Bouwnummer 535, de olietanker “Melania” van 210.000 ton voor Shell Tankers in 1968 op stapel bij de NDSM. De maat van dit type schepen werd bepaald doordat schepen met dit laadvermogen op de heenreis, met een leeg schip, naar de Arabische oliehavens nog door het Suezkanaal zouden kunnen varen. Op de terugreis zou dan via de zuidroute, om Kaap de Goede Hoop, gevaren worden.

NDSM

Vanaf midden jaren zestig bouwde de NDSM de mammoettankers in twee delen. Hierbij kon gebruik worden gemaakt van de bestaande helling capaciteit zodat er geen nieuwe investeringen nodig waren. Bovendien zou het te water laten van schepen van meer dan 300 m lengte extra eisen stellen aan de stijfheid van het schip.
Over de helling werd een portaalkraan geplaatst waarmee de secties, die elders op de werf gebouwd werden, op z'n plaats gebracht konden worden. Deze kraan heeft bijna 25 jaar de sky-line van Amsterdam gedomineerd.
Het achterschip werd het eerst gebouwd. Terwijl de machinekamer werd ingericht aan de afbouwkade werd het voorschip op de helling gebouwd. De NDSM ontwikkelde een nieuwe methode om de beide helften, in het water, aan elkaar te lassen. Hierdoor was het niet nodig de schepen te verslepen naar een dok waarin deze operatie kon worden uitgevoerd.
In totaal bouwde de NDSM zo 16 mammoettankers, waarvan de Melania voor Shell tankers de eerste was.

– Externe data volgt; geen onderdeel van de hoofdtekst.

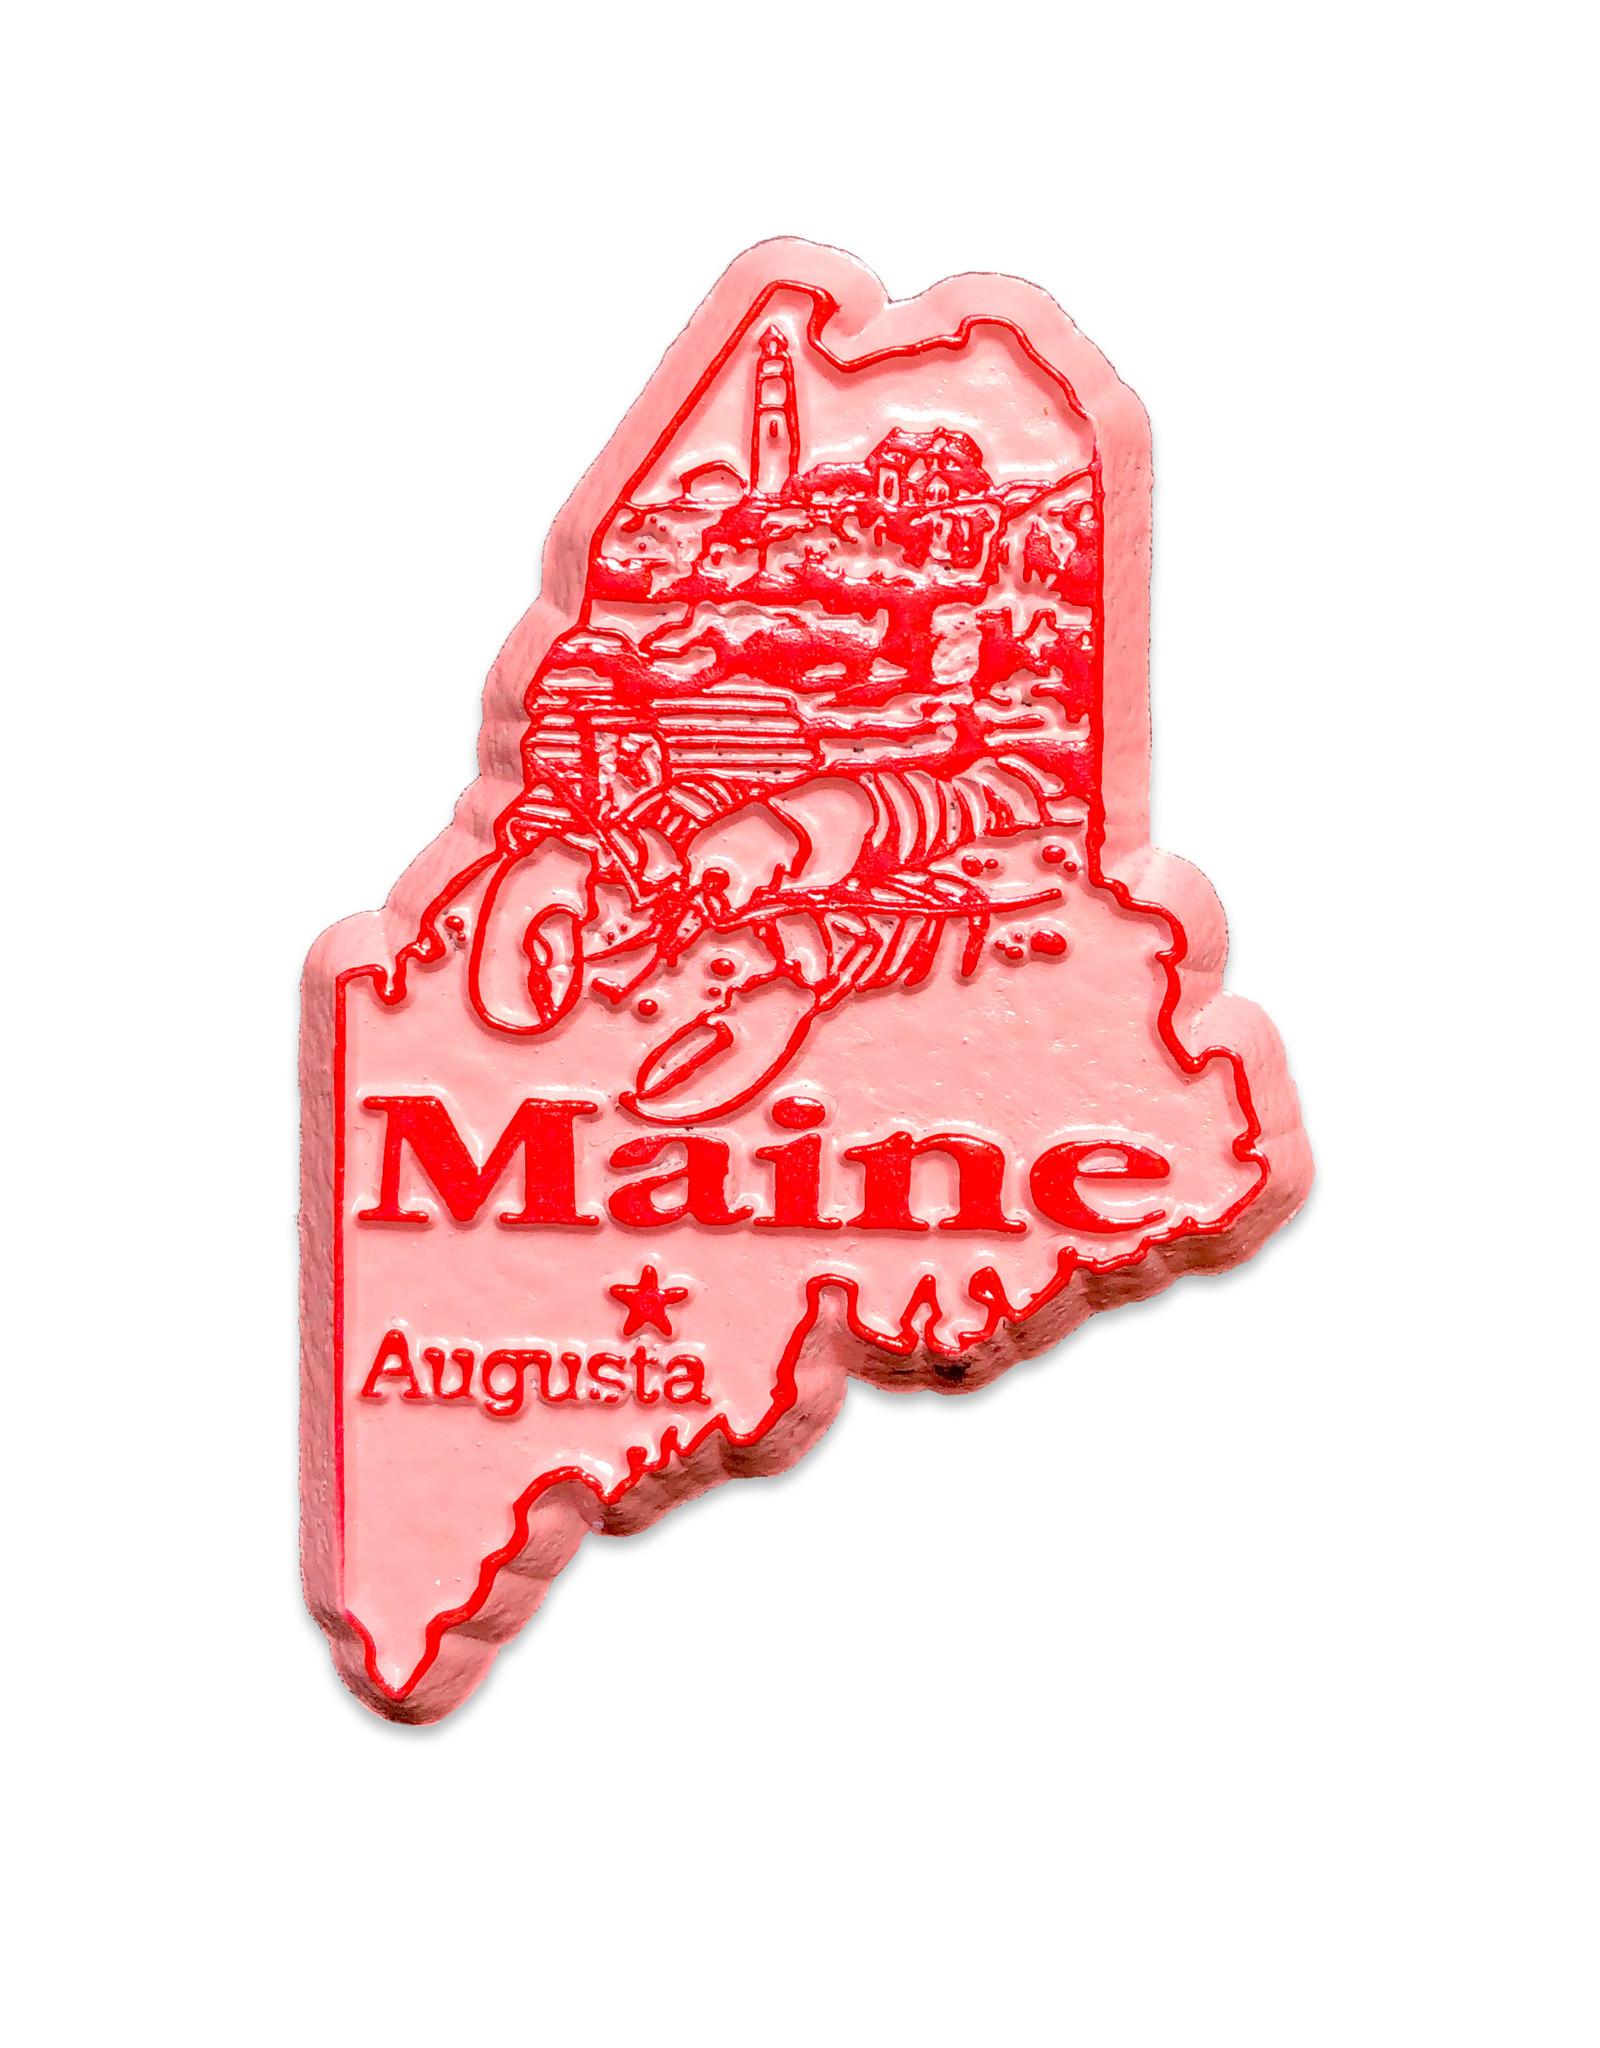 Maine Capital Magnet

De Nederlandse Scheepsbouw Maatschappij (NSM) werd opgericht op 25 augustus 1894 en vond haar oorsprong in de Koninklijke Fabriek voor Stoom- en andere Werktuigen in Amsterdam uit 1827. De Koninklijke Fabriek raakte diverse keren in financiële moeilijkheden en werd uiteindelijk in 1891 overgenomen door de Nederlandse Fabriek van Werktuigen en Spoorwegmateriaal. Later werd de naam “Werkspoor” toegevoegd aan dit bedrijf. Het bedrijf was gevestigd op de Oostelijke eilanden.
In 1894 werden, mede onder druk van de werkeloos geworden werfarbeiders en de politiek en met de steun van bijna alle grote Amsterdamse reders, de scheepsnieuwbouwactiviteiten weer opnieuw opgestart onder de naam NSM. De oude scheepshellingen van de Koninklijke Fabriek werden weer in gebruik genomen.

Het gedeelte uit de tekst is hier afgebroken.